Fine-tuning adapts a pre-trained language model to a specific task or dataset by training it on new examples. This process is usually done with Hugging Face’s Transformers library, which demands high computational power and memory.
- **Unsloth** offers a more optimized approach, making fine-tuning possible even on slower GPUs.
- It reduces memory usage, speeds up downloads, and uses techniques like **LoRA** to fine-tune large models efficiently with minimal resources.

In [None]:
%%capture

!pip install unsloth
!pip install --force-reinstall --no-cache-dir --no-deps git+https://github.com/unslothai/unsloth.git

## Loading DeepSeek R1 and the Tokenizer
Here we are using [DeepSeek-R1-Distill-Llama-8B](https://huggingface.co/deepseek-ai/DeepSeek-R1-Distill-Llama-8B) for faster computation. This  model generally requires **32GB** of RAM and a GPU with **16GB** of VRAM for optimal performance.

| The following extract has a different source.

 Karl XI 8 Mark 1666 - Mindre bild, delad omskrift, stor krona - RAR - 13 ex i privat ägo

`FastLanguageModel` module is used to optimize inference & fine-tuning.

**Parameters :**
- `max_seq_length` : max no. of tokens per input
- `dtype` = None : automatically choose the best data type (float16, bfloat16, etc.)
- `load_in_4bit` = True : enables 4-bit quantization to reduce memory usage. FP32bit -> 4bit
This allows **large language models to run efficiently on consumer GPUs** without needing massive amounts of memory.



In [None]:
from unsloth import FastLanguageModel
import torch

# configurations for loading model
max_seq_length = 2048
dtype = None          #choose the best data type (float16, bfloat16, etc.)
load_in_4bit = True   # enable 4-bit quantization to reduce memory usage

model, tokenizer = FastLanguageModel.from_pretrained(model_name="unsloth/DeepSeek-R1-Distill-Llama-8B",
                                                      max_seq_length=max_seq_length,
                                                      dtype=dtype,
                                                      load_in_4bit=load_in_4bit)

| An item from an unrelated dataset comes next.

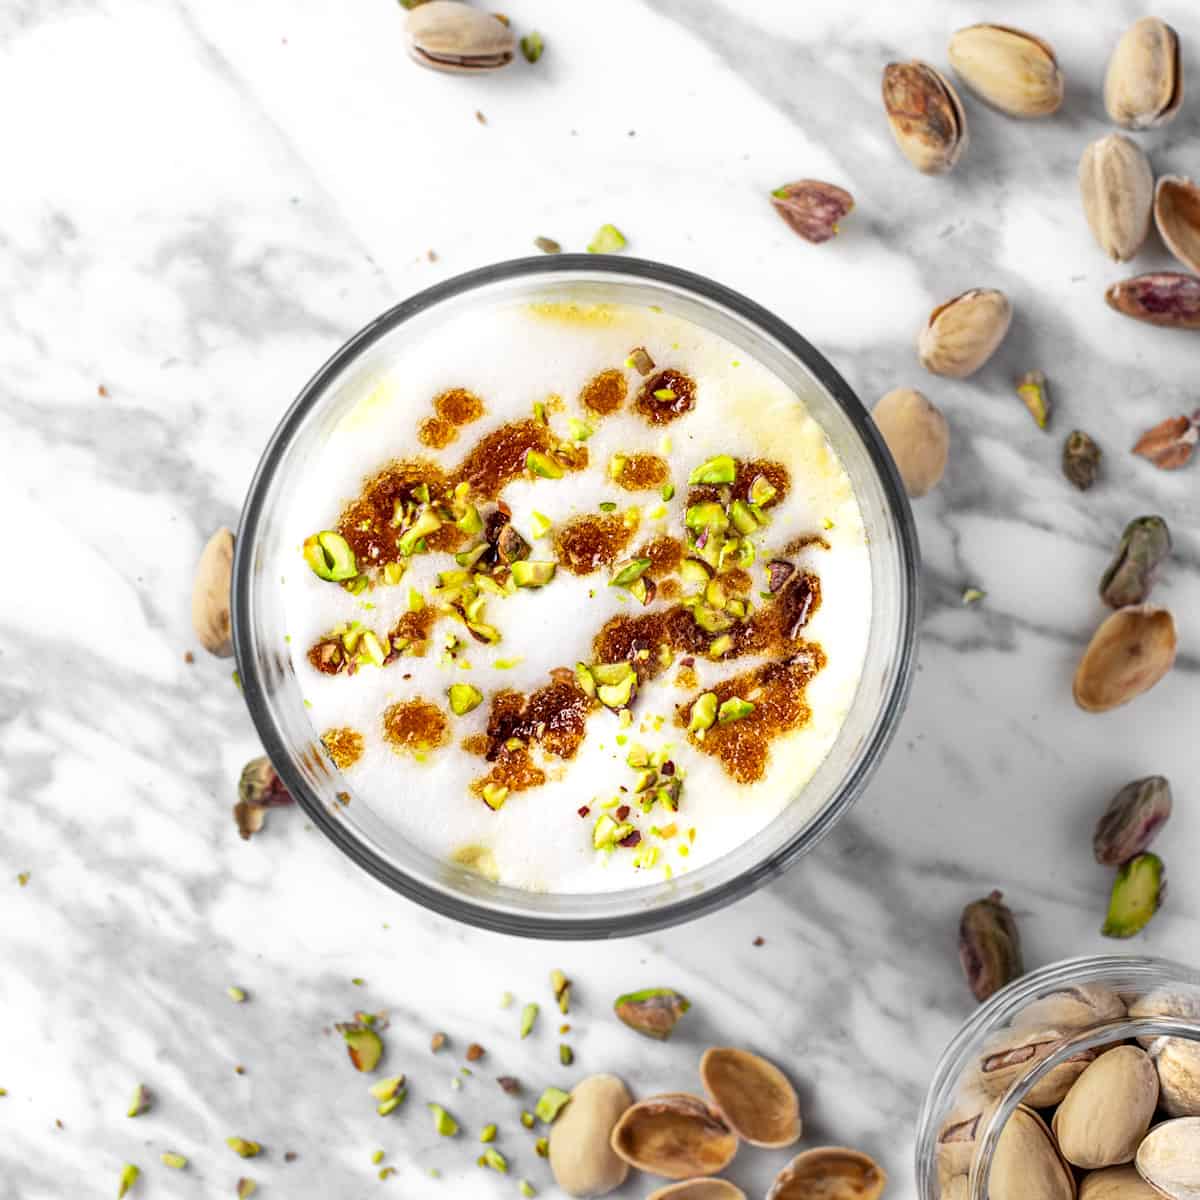 starbucks pistachio latte featured image

🦥 Unsloth: Will patch your computer to enable 2x faster free finetuning.
Unsloth: Failed to patch SmolVLMForConditionalGeneration forward function.
🦥 Unsloth Zoo will now patch everything to make training faster!
==((====))==  Unsloth 2025.4.1: Fast Llama patching. Transformers: 4.51.3.
   \\   /|    Tesla T4. Num GPUs = 1. Max memory: 14.741 GB. Platform: Linux.
O^O/ \_/ \    Torch: 2.6.0+cu124. CUDA: 7.5. CUDA Toolkit: 12.4. Triton: 3.2.0
\        /    Bfloat16 = FALSE. FA [Xformers = 0.0.29.post3. FA2 = False]
 "-____-"     Free license: http://github.com/unslothai/unsloth
Unsloth: Fast downloading is enabled - ignore downloading bars which are red colored!


model.safetensors:   0%|          | 0.00/5.96G [00:00<?, ?B/s]

generation_config.json:   0%|          | 0.00/236 [00:00<?, ?B/s]

tokenizer_config.json:   0%|          | 0.00/53.0k [00:00<?, ?B/s]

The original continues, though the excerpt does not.